Dataset extract:
........

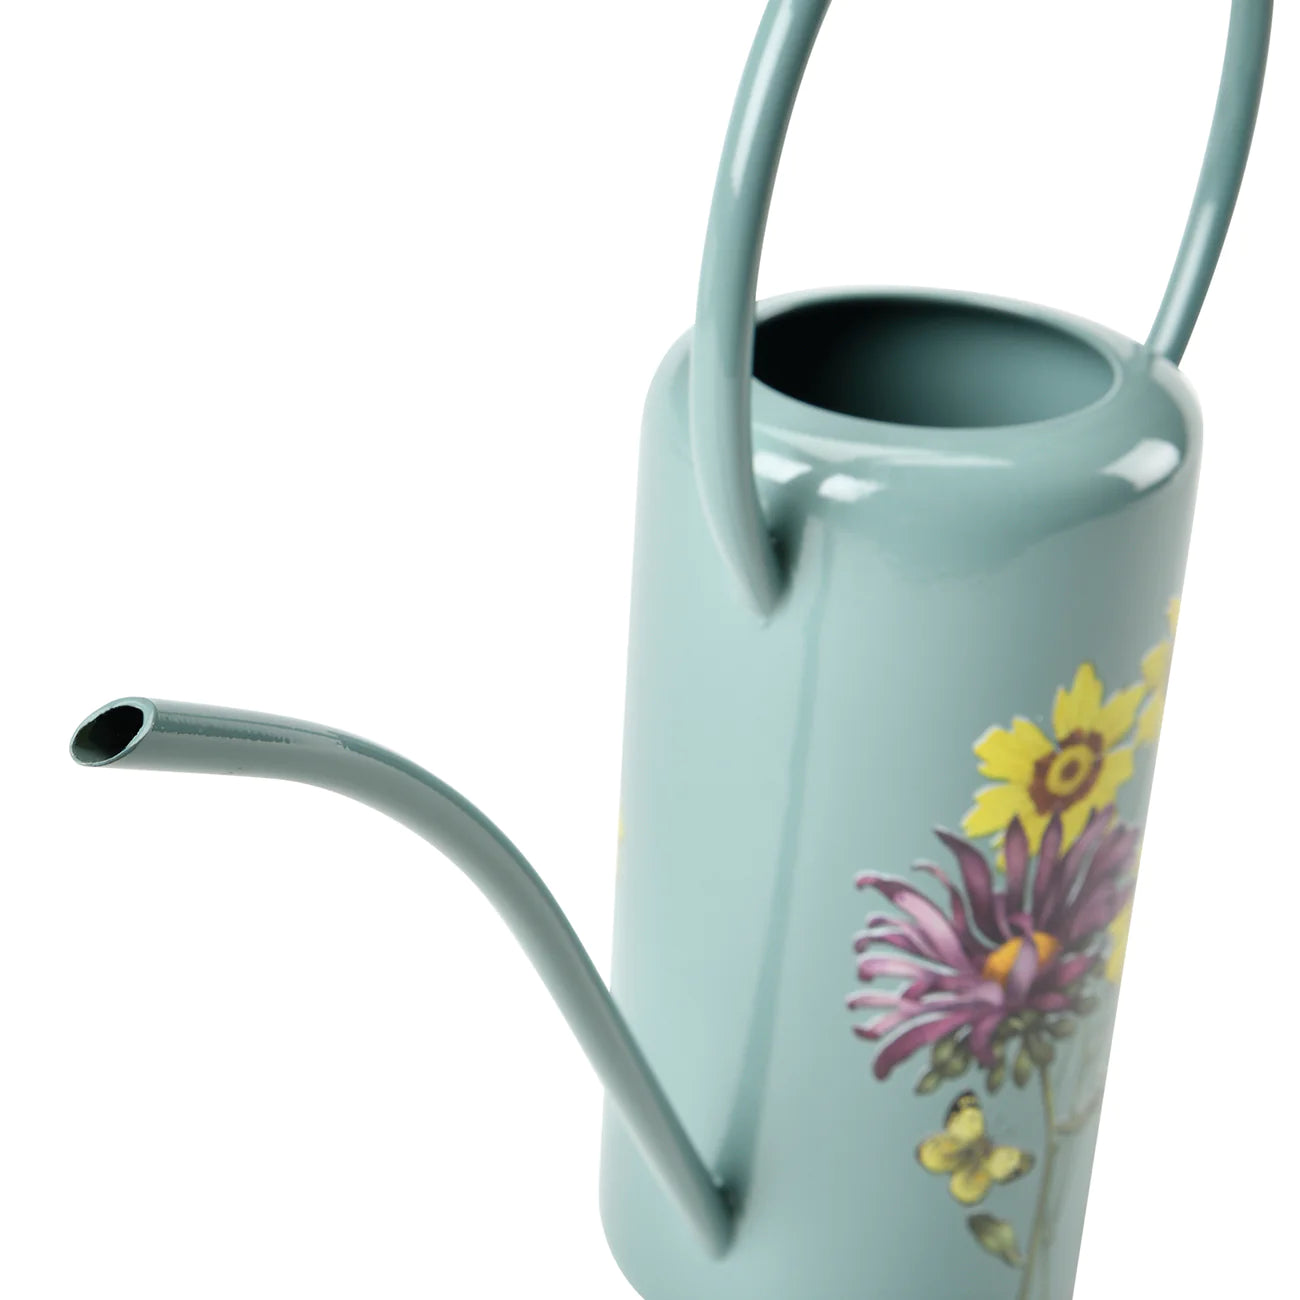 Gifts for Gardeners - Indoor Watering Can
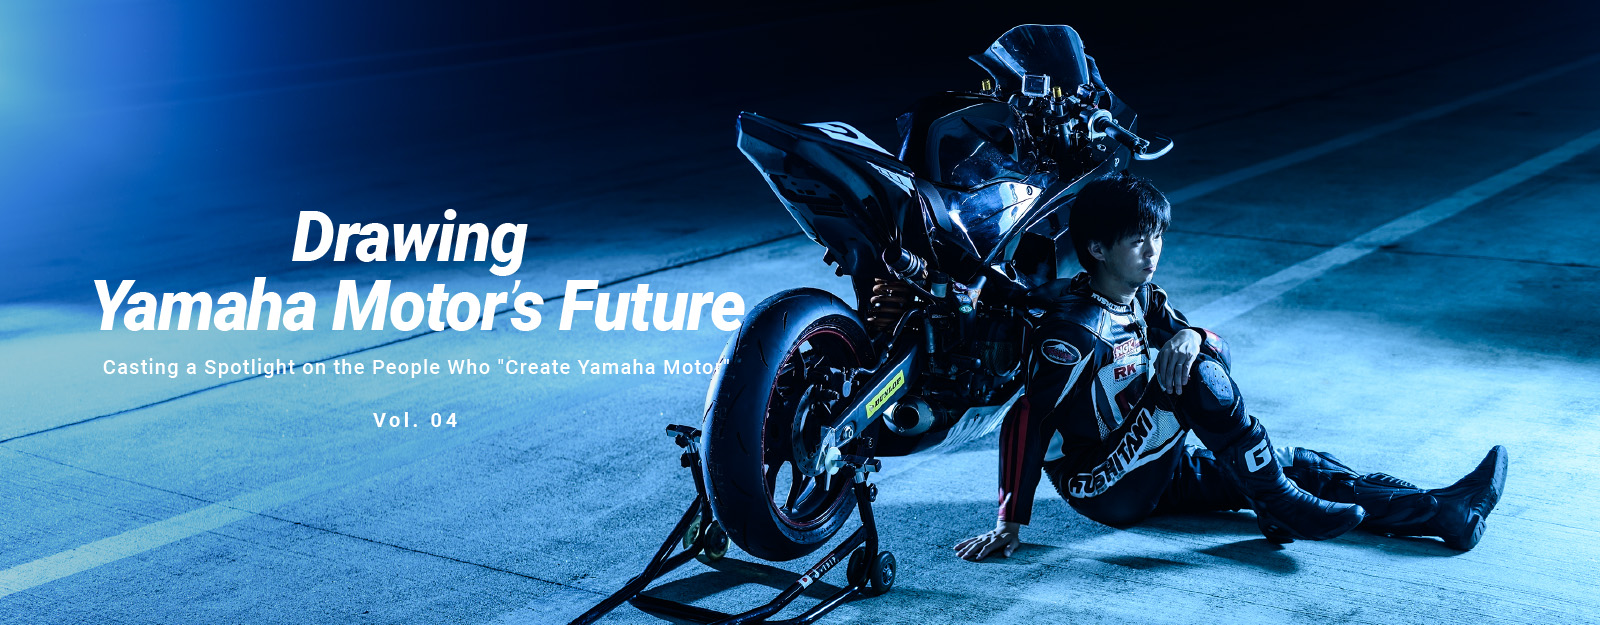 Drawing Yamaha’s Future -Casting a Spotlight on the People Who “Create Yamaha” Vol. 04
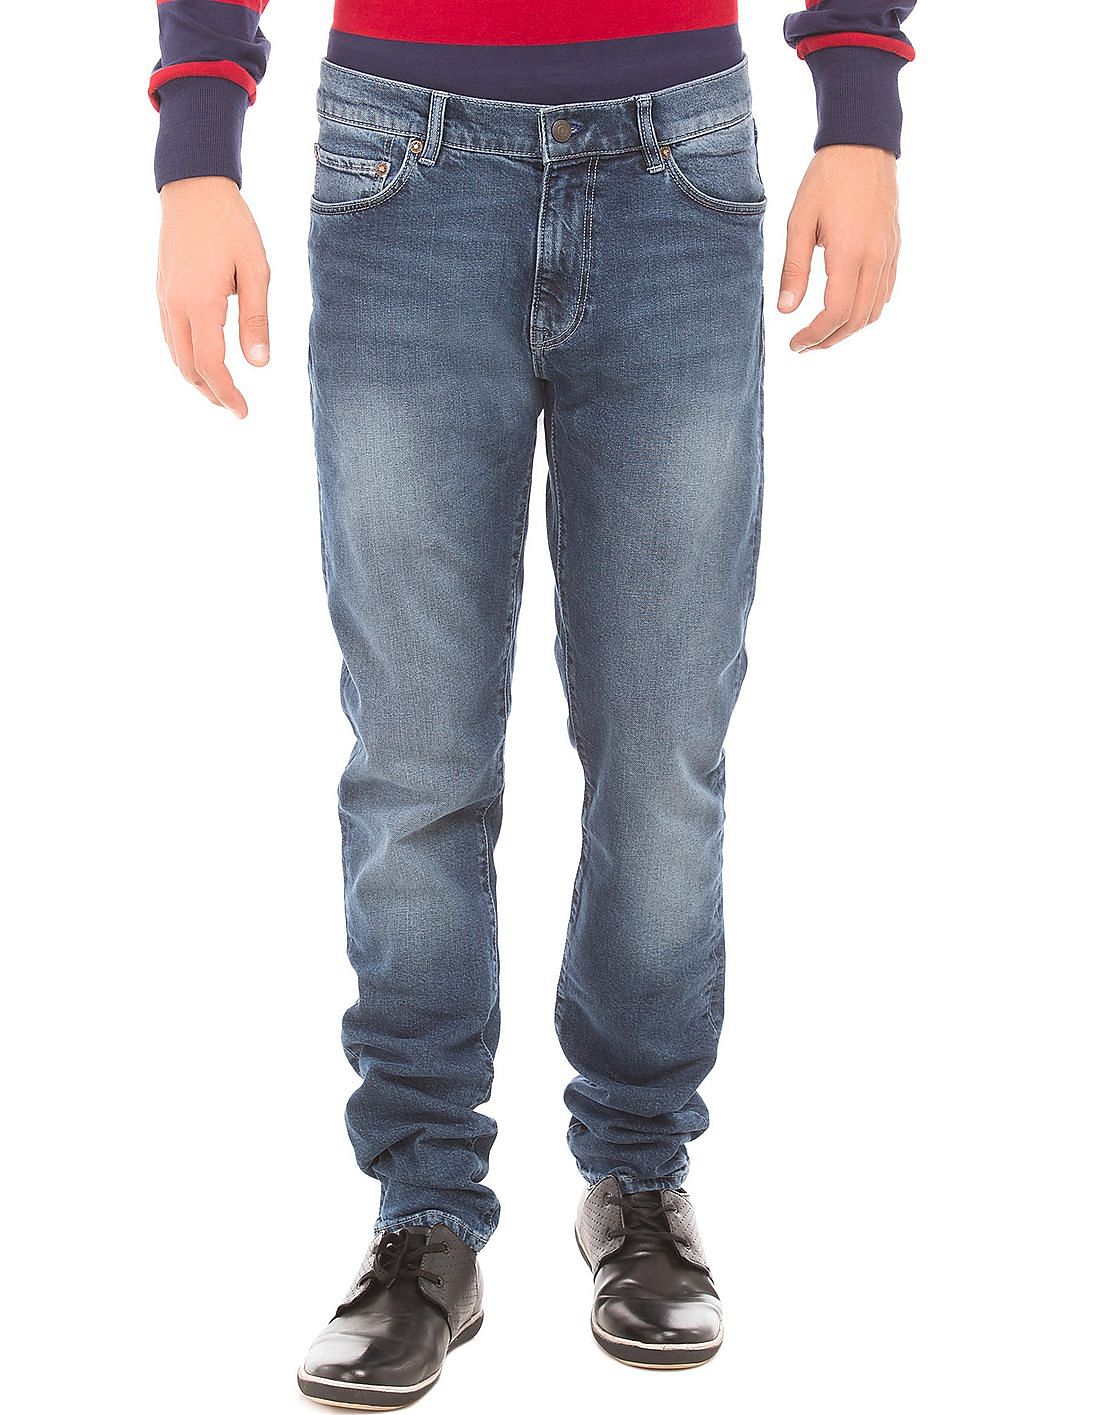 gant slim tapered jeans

........

Your objective: Go through the listing above and retype each line exactly, apart from the pictures.

Your response:
 Gifts for Gardeners - Indoor Watering Can
 Drawing Yamaha’s Future -Casting a Spotlight on the People Who “Create Yamaha” Vol. 04
 gant slim tapered jeans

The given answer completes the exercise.